Kernel Distillation for Fast Gaussian Processes Prediction
This work addresses a bottleneck for practitioners using GPs in real-world applications by making them faster and more scalable, though it is incremental as it builds on existing inducing points and sparse approximation methods.
The paper tackles the high computational cost of Gaussian processes (GPs) at inference time by introducing kernel distillation, a framework that approximates a trained GP model to reduce storage to O(m^2) for m inducing points and improve inference speed, with empirical results showing a better trade-off between prediction time and test performance compared to alternatives.
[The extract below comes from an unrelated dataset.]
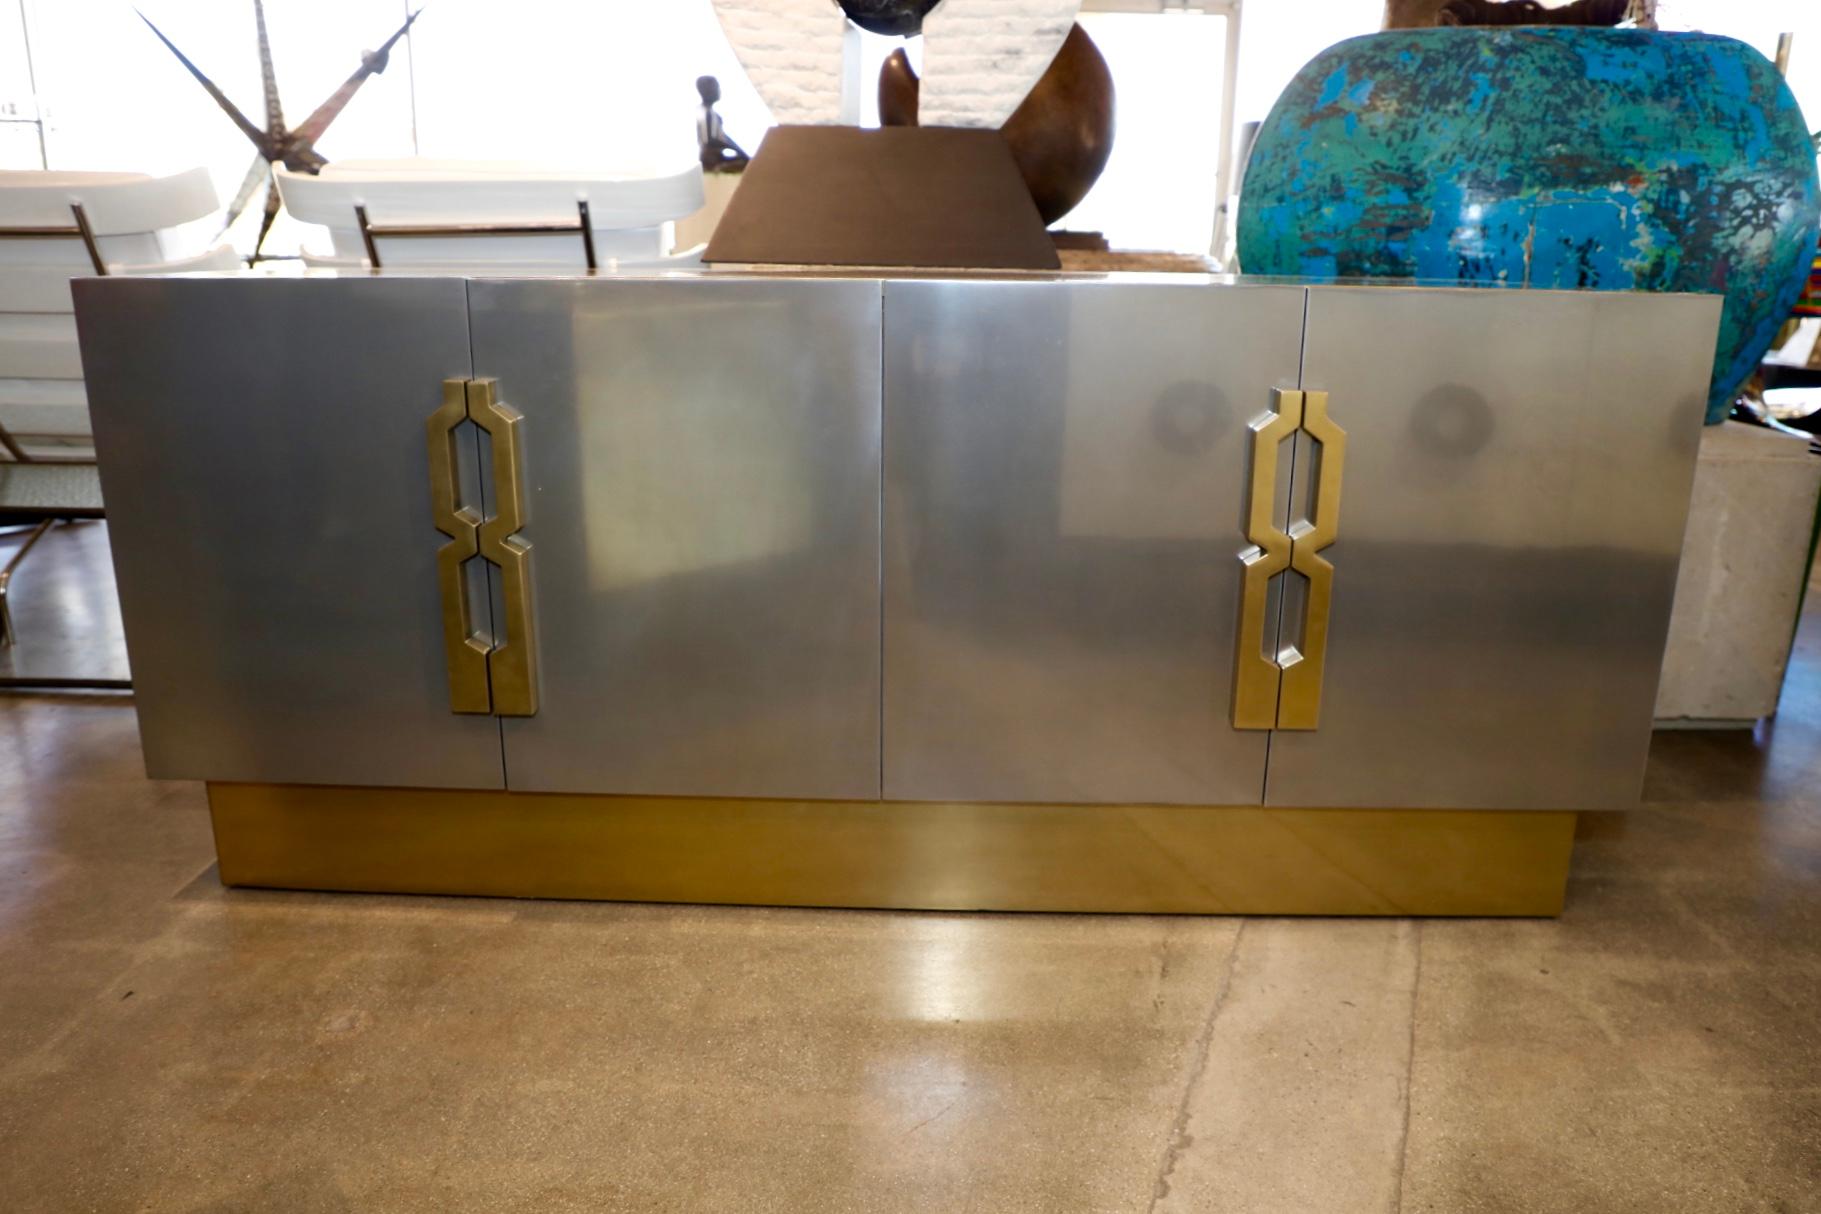 Our originals credenza designed and created by Marco Antonio. This credenza is coated in stainless and brass. One shelf in each side. The credenza is well made but has minor imperfections as it is handmade.

Gaussian processes (GPs) are flexible models that can capture complex structure in large-scale dataset due to their non-parametric nature. However, the usage of GPs in real-world application is limited due to their high computational cost at inference time. In this paper, we introduce a new framework, \textit{kernel distillation}, to approximate a fully trained teacher GP model with kernel matrix of size $n\times n$ for $n$ training points. We combine inducing points method with sparse low-rank approximation in the distillation procedure. The distilled student GP model only costs $O(m^2)$ storage for $m$ inducing points where $m \ll n$ and improves the inference time complexity. We demonstrate empirically that kernel distillation provides better trade-off between the prediction time and the test performance compared to the alternatives.